→ **TASK OBJECTIVE**
Your reply should reproduce each line below exactly and carry none of the pictures.

→ **SOURCE DATA**
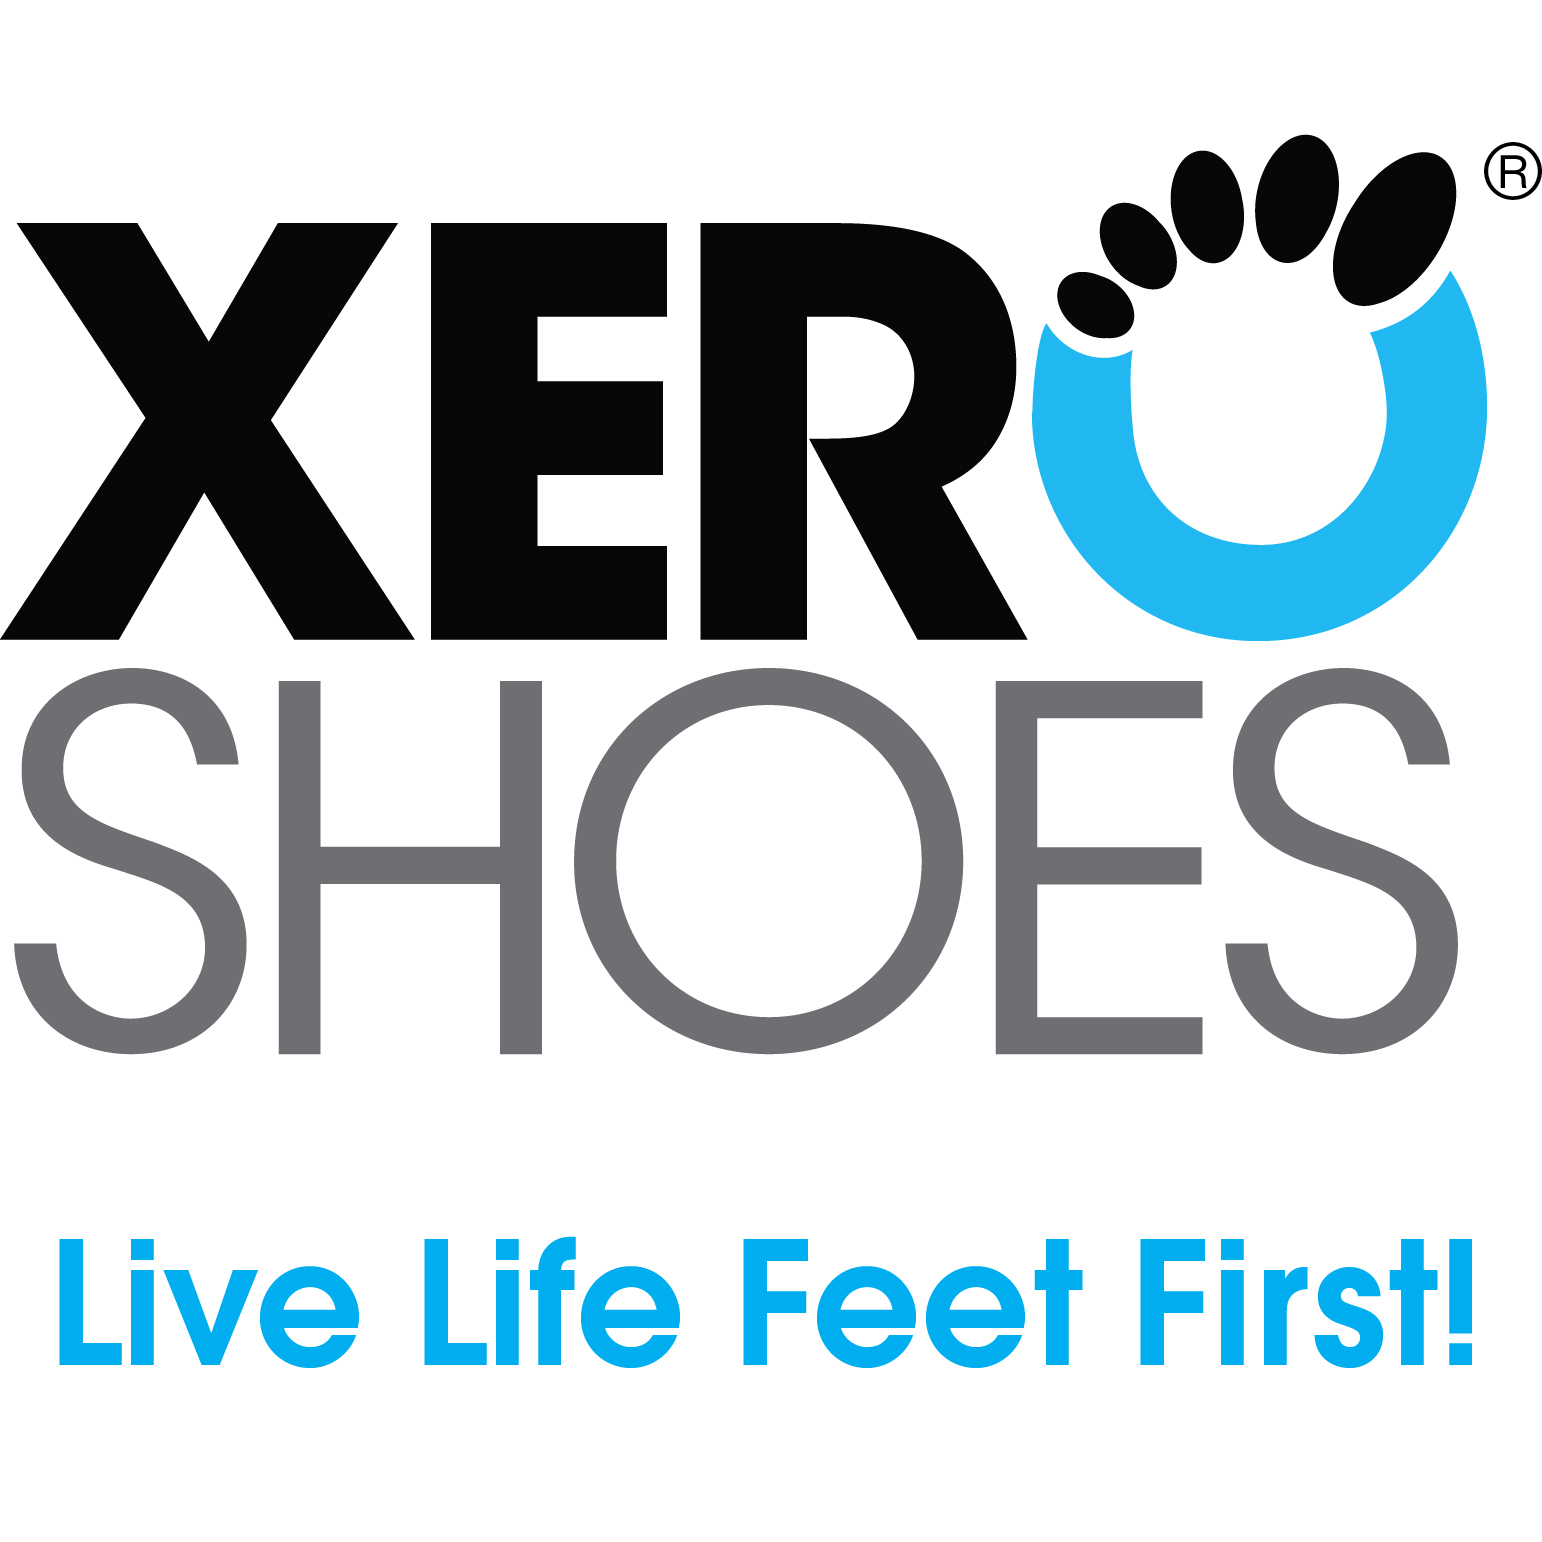 Xero shoes logo
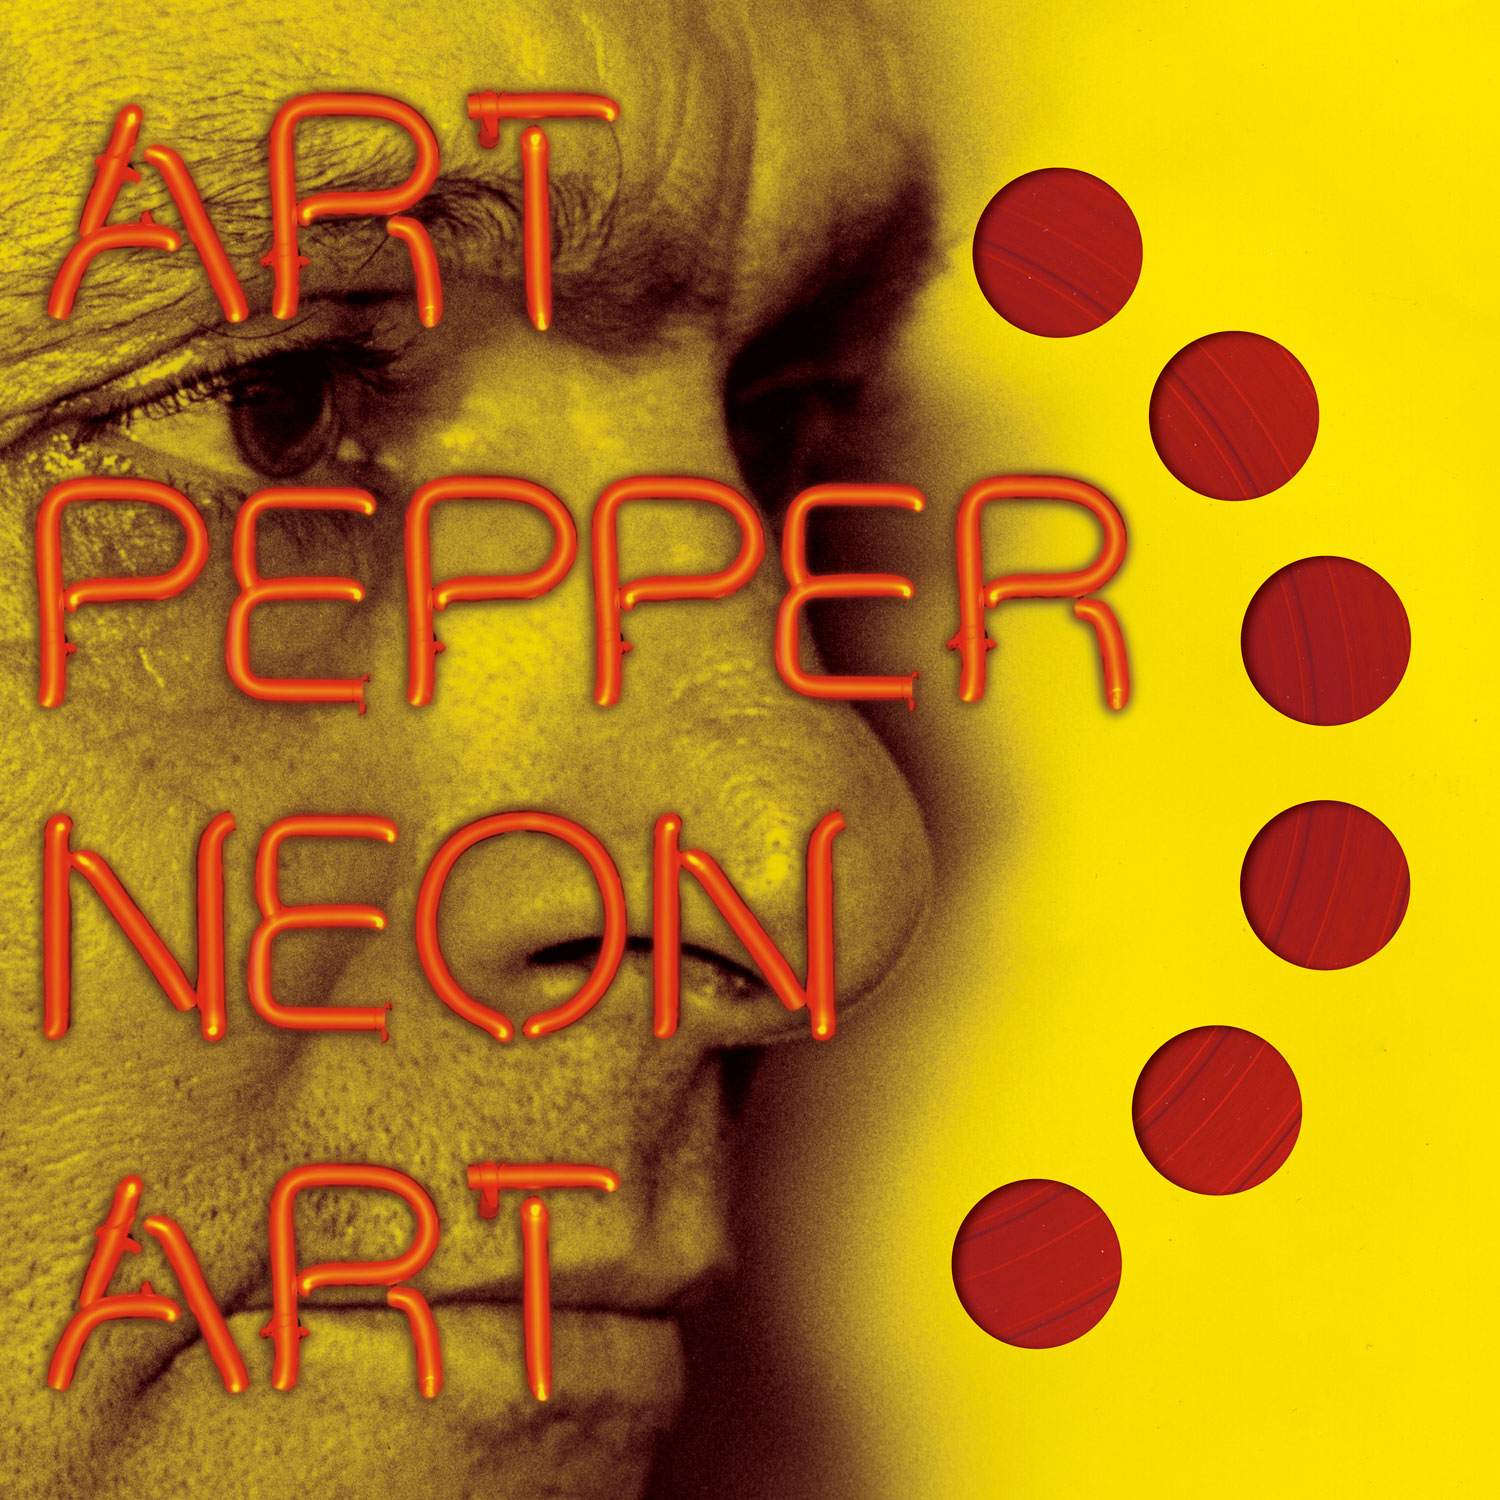 iڍ F ART PEPPER (LP) NEON ART VOL.3yRED@Cidl!!z
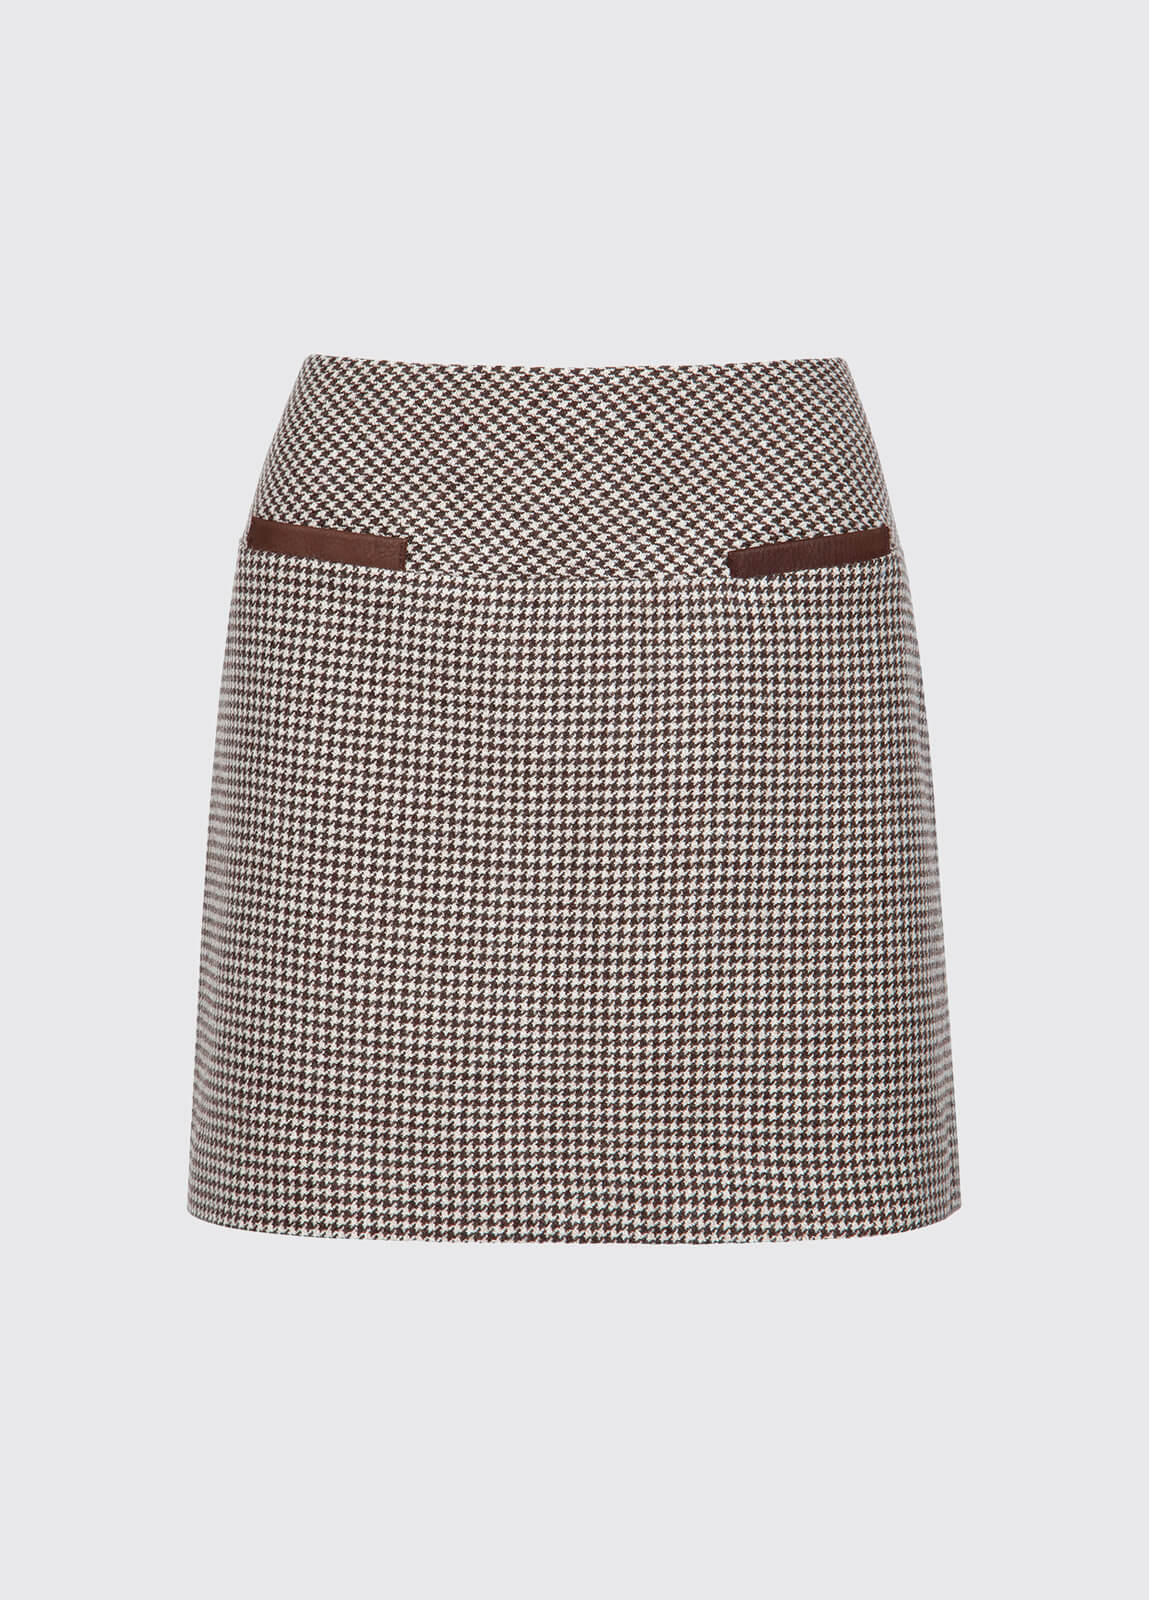 Clover Tweed Mini Skirt - Cafe

→ **ANSWER AREA**
 Xero shoes logo
 iڍ F ART PEPPER (LP) NEON ART VOL.3yRED@Cidl!!z
 Clover Tweed Mini Skirt - Cafe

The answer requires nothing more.